- Also known as: The Adventures of Fu Manchu
- Genre: Adventure
- Directed by: Franklin Adreon William Witney
- Starring: Glen Gordon Lester Matthews Clark Howat
- Country of origin: United States
- Original language: English
- No. of seasons: 1
- No. of episodes: 13

Production
- Production company: Hollywood Television Service

Original release
- Network: Syndication
- Release: September 3 – November 26, 1956

= The Adventures of Dr. Fu Manchu =

American syndicated TV adventure series (1956)

The Adventures of Dr. Fu Manchu is a syndicated American television series that aired in 1956. The show was produced by Hollywood Television Service, a subsidiary of Republic Pictures.

==Cast and characters==
- Glen Gordon as Dr. Fu Manchu
- Lester Matthews as Sir Denis Nayland Smith
- Clark Howat as Dr. John Petrie
- Carla Balenda as Nurse Betty Leonard
- Laurette Luez as Karamaneh
- John George as Kolb.

==Production==

===Development===
Early in the 1950s, an NBC pilot starring John Carradine and Cedric Hardwicke was made, but the sponsors were disappointed in the scripts, and the TV series never materialized.

In 1955, Republic Pictures paid US$4 million to Sax Rohmer and announced they would film 78 episodes, but only 13 were made following a protracted court battle over the rights between Rohmer and the producers.

===Details===
Each episode would start off with Dr. Fu Manchu and Nayland Smith playing a game of chess with the narrator telling us, "Black and white. Life and death. Good and evil. Two sides of a chess game. Two forces of the universe, one magnificent, the other sinister. It is said the devil plays for men's souls. So does Dr. Fu Manchu, Satan himself, evil incarnate." At the end of each episode, after Nayland Smith and Dr. Petrie had foiled Dr. Fu Manchu's latest fiendish scheme, Dr. Fu Manchu would be seen breaking a black chess piece as the closing credits rolled.

The series was directed by noted serial director Franklin Adreon, as well as by William Witney. Unlike the Sherlock Holmes/Dr. Watson type relationship of the films, the series featured Smith as a law enforcement official and Petrie as a staff member of the Surgeon General.

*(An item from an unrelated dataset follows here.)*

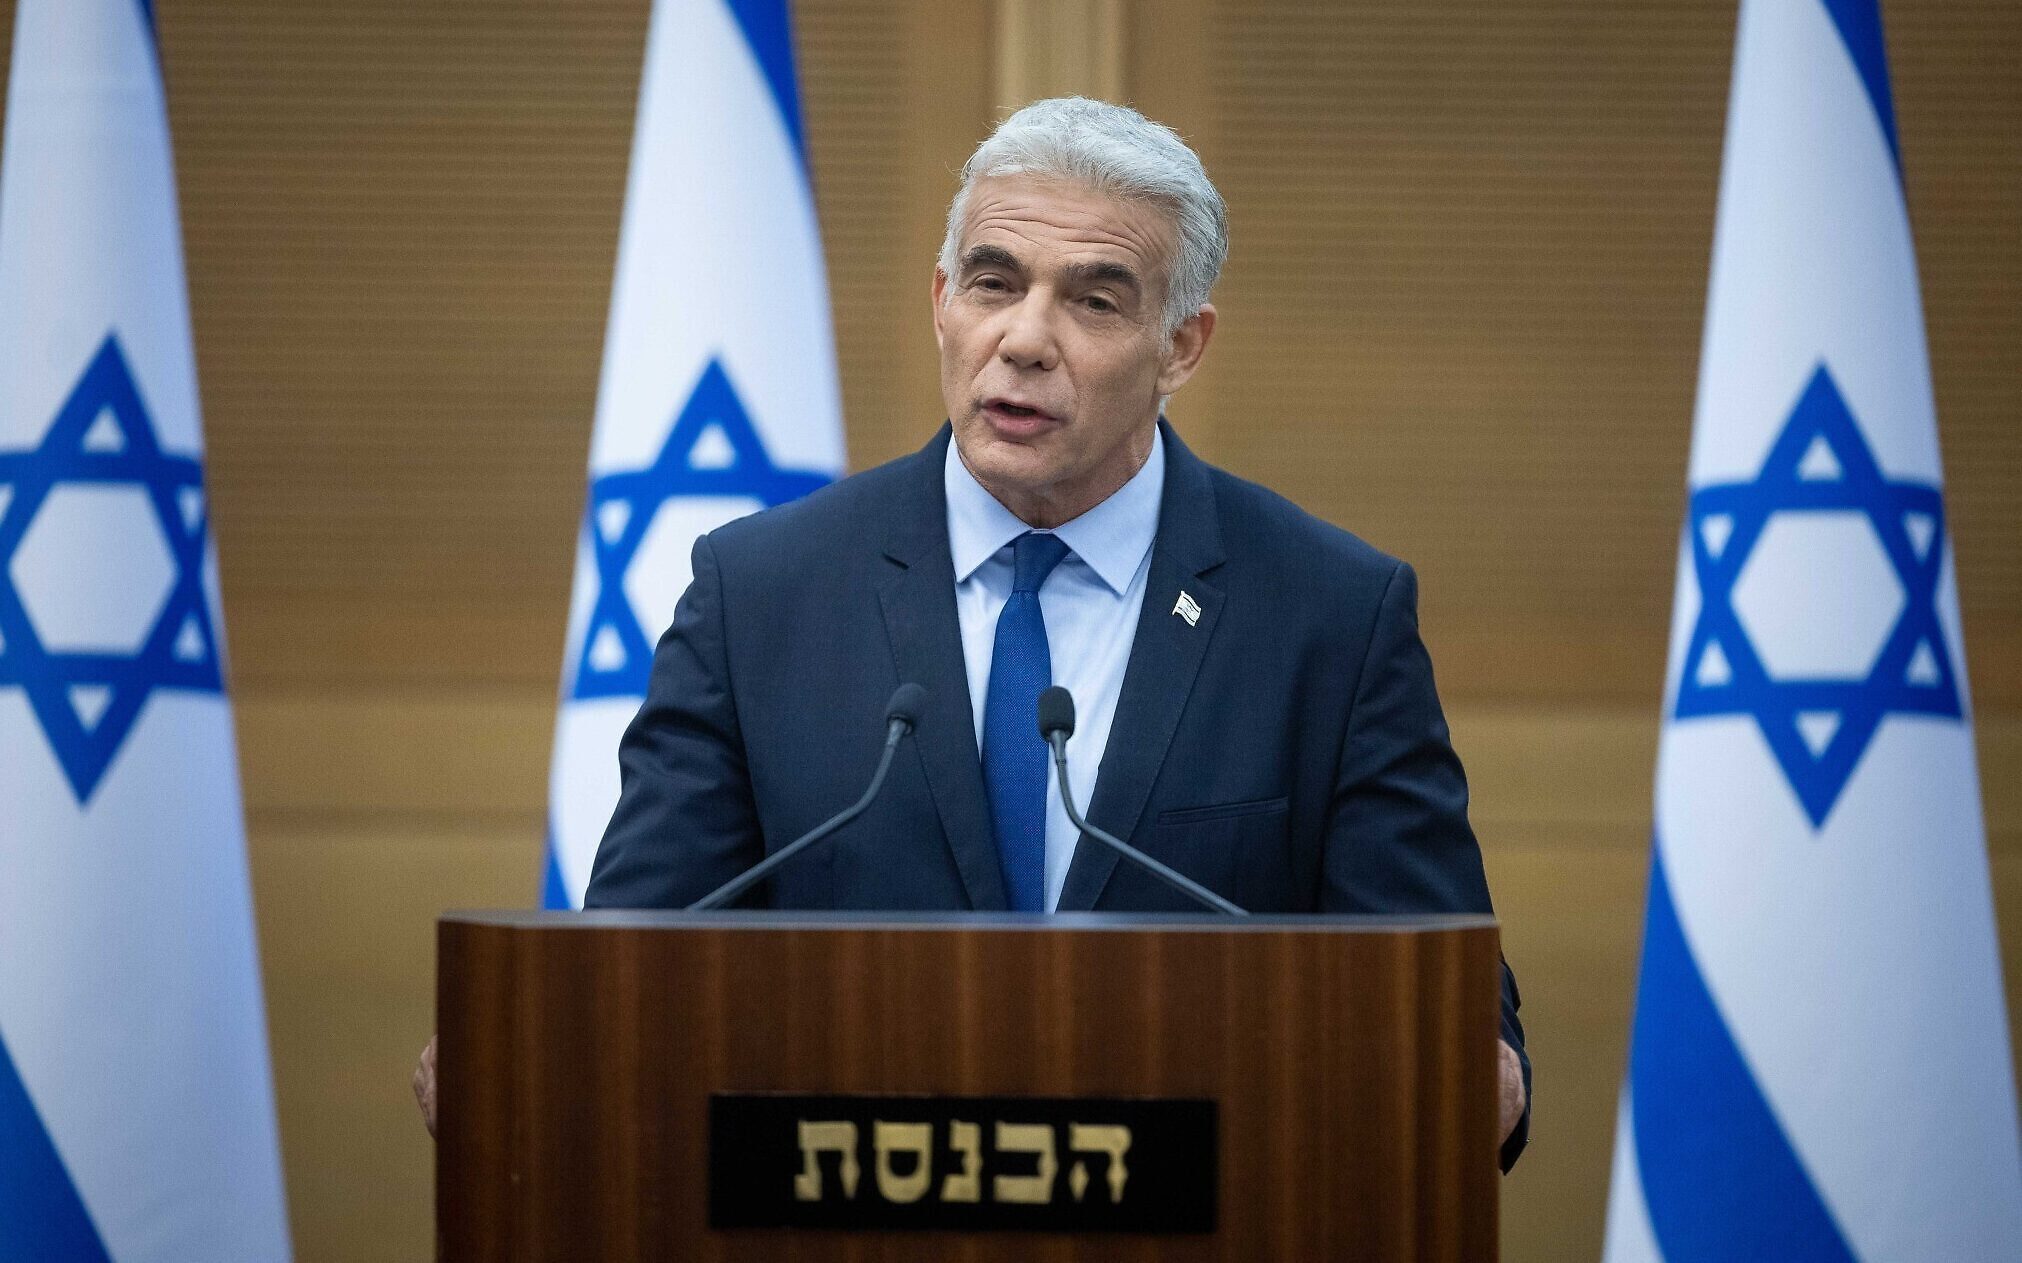 Yair Lapid Becomes Israel's New Prime Minister

The series was similar in some ways to a serial, but each episode ended in a resolution rather than a cliffhanger. Republic sent out a film crew to Hong Kong to shoot background footage and supplied stock footage from its library of films.

==Episodes==

| No. | Title | Original release date |
|---|---|---|
| 1 | "The Prisoner of Dr. Fu Manchu" | September 3, 1956 |
| 2 | "The Golden God of Dr. Fu Manchu" | September 10, 1956 |
| 3 | "The Secret of Fu Manchu" | September 17, 1956 |
| 4 | "The Vengeance of Dr. Fu Manchu" | September 24, 1956 |
| 5 | "Dr. Fu Manchu, Incorporated" | October 1, 1956 |
| 6 | "The Plague of Dr. Fu Manchu" | October 8, 1956 |
| 7 | "The Slave of Dr. Fu Manchu" | October 15, 1956 |
| 8 | "Dr. Fu Manchu's Raid" | October 22, 1956 |
| 9 | "The Death Ships of Dr. Fu Manchu" | October 29, 1956 |
| 10 | "The Counterfeiters of Dr. Fu Manchu" | November 5, 1956 |
| 11 | "The Master Plan of Dr. Fu Manchu" | November 12, 1956 |
| 12 | "The Satellites of Dr. Fu Manchu" | November 19, 1956 |
| 13 | "The Assassins of Dr. Fu Manchu" | November 26, 1956 |

==Feature films==
Several of the episodes were put together into feature films that were released in Germany.